В связи с этим хочется привести слова Н. Берковского о другом русском поэте: «В поэзии Тютчева превосходно трактован антично-романтический хаос, причём в двух его лицах: как начало созидающее, животворящее, и как носитель разрушения и смерти; в иных случаях обе эти характеристики сливаются у Тютчева в одно. Вероятно, Тютчев – единственный, через кого традиция этой темы, да ещё в её важнейших разветвлениях, дошла до наших дней» («Романтизм в Германии»). Вероятно, что Тютчев всё же не единственный, поскольку вышеприведённая оценка как нельзя лучше характеризует иные прозрения В. Бенедиктова, о влиянии же на него Тютчева говорить не приходится. А местами кажется, что зазвучал родившийся на полстолетия позже Державин, может, и поубавившийся в монументальной мощи, зато ощутивший себя животрепещущей частицей природы.
И порой седых утесов
Расплываются глаза,
И из щелей их с откосов
Брызжет хладная слеза;
По уступам вперехватку,
Впересыпку, вперекатку
Слёзы те бегут, летят,
И снопами водопад,
То вприпрыжку, то вприсядку,
Бьет с раската на раскат.
Далее следует разветвленная метафора, с изощрённой виртуозностью живописующая прелести девы-реки, которую поэт, умирающий от жажды-страсти, готов выпить всю... Впрочем, здесь опять-таки побеждает разыгравшееся воображение и чувство, но одухотворение стихий, непосредственная игра с ними – всё проникнуто духом натурфилософии.

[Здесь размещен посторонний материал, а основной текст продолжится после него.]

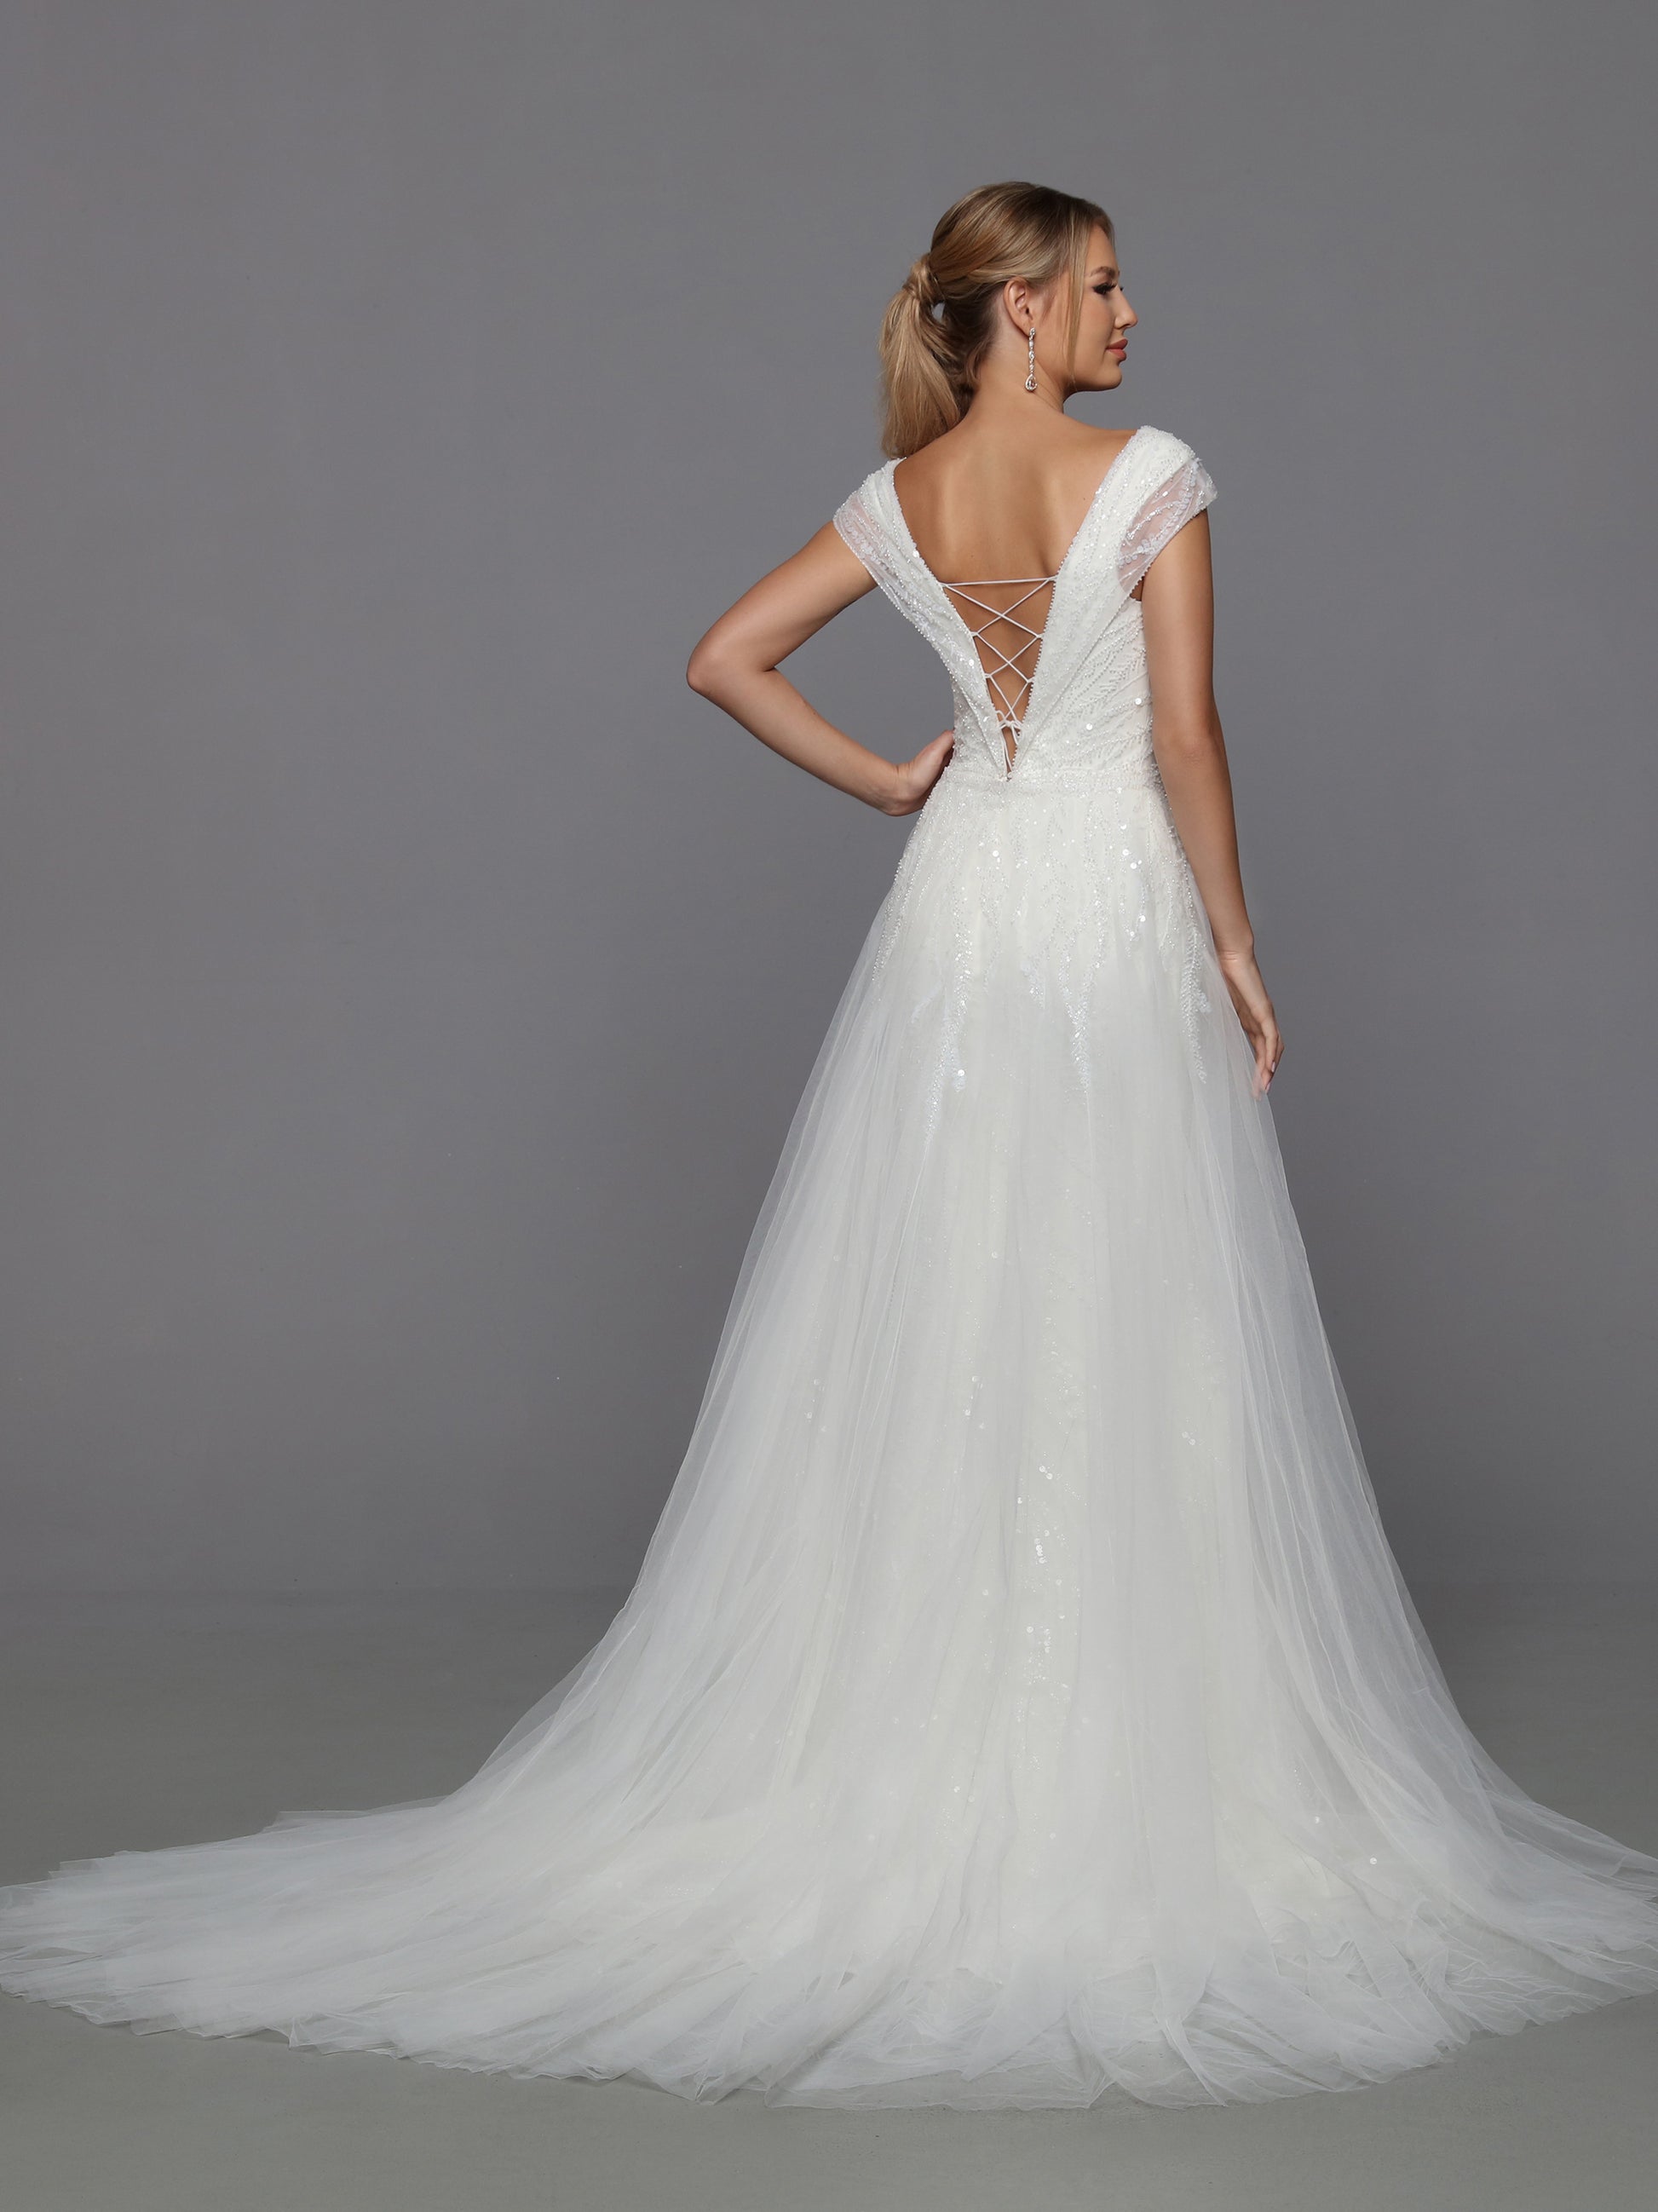 Davinci Bridal 50762 Long fitted Beaded Sequin Mermaid Bridal Gown with detachable  Overskirt off the Shoulder Cap sleeves and a corset lace up back.  Sizes: Ivory  Colors: 0-28

То есть в самом панибратстве со стихиями таилось ноуменальное зерно, и загадка природы-сфинкса с самого начала дразнила и волновала Бенедиктова не меньше «кудрей девы-чародейки».
Доступен ли тебе её гиероглИф?
Небесные лучи волшебно преломив,
Раскрыла ли его обманчивая призма?
Есть сердце у тебя – пади, благоговей,
И бойся исказить догадкою своей
Запретные красы святого мистицизма!
(Сонет «Природа»,1835)
Кстати, не отсюда ли (ведь почти что дословно!) почерпнёт в дальнейшем Николай Гумилёв одну из идей акмеистического манифеста: «Всегда помнить о непознаваемом, но не оскорблять своей мысли о нём более или менее вероятными догадками»?

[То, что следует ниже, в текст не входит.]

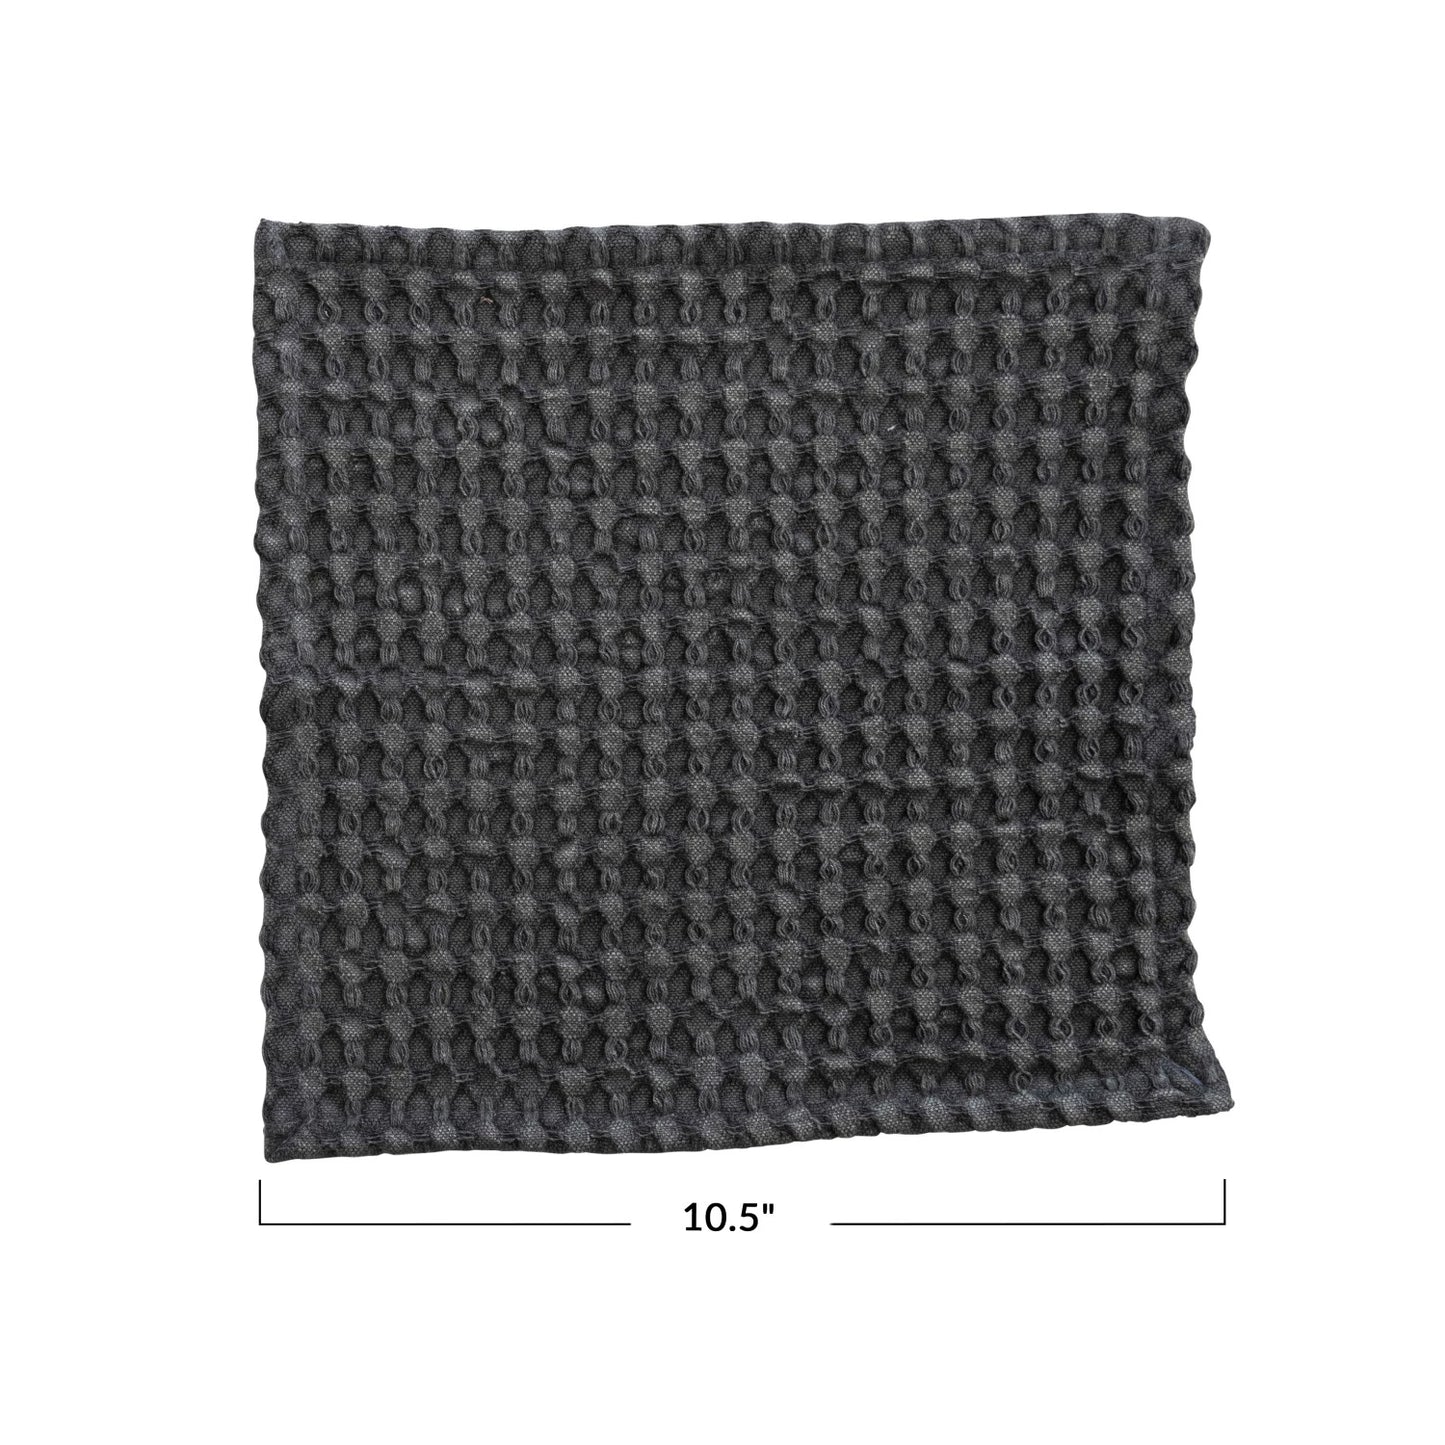 Bloomingville - Cotton Waffle Weave Dish Cloths - Charcoal - Set of 3

4. Романтическое барокко и модернизм. Промежуточный жребий
Очевидно, что эстетизм Бенедиктова не был простым следствием авторского произвола, в строгом литературно-историческом смысле это обусловливалось эпохой перехода от элегической поэзии 10–20-х годов, с её постоянными эпитетами и вообще устойчивостью словесных сочетаний, к какому-то другому этапу. Но к какому? Во Франции, например (а во многом именно к Гюго и Ламартину восходит бенедиктовская просодия), на смену романтикам пришли «парнасцы», потом некоторые из них трансформировались в символизм. Но в России, тогда вступившей лишь во второй век изящной словесности, в России, дичащейся революционных сдвигов, сама поэзия сделает заметный крен в сторону общественной пользы. Здесь позиции ведущей критики ещё в 30-х годах захватил Белинский, с его недоверием к метафорическому как «искусственному», нетерпимостью к ретроспекциям поэтического сознания в другие эпохи, наивным верованием в прогресс литературы, с вечным поиском «реальной» поэзии. Так сгоряча раздраконил он романтическую мистерию «Ижорский» Кюхельбекера, даже Баратынскому предпочёл Полежаева и Кольцова, не сумел оценить «фантастического» начала в Достоевском и, наконец, провозгласил великого выдумщика Гоголя зачинателем «натуральной школы». Всё это протягивало прямую нить к пропаганде Писарева и психологически подготовляло некрасовский, а затем надсоновский периоды в поэзии.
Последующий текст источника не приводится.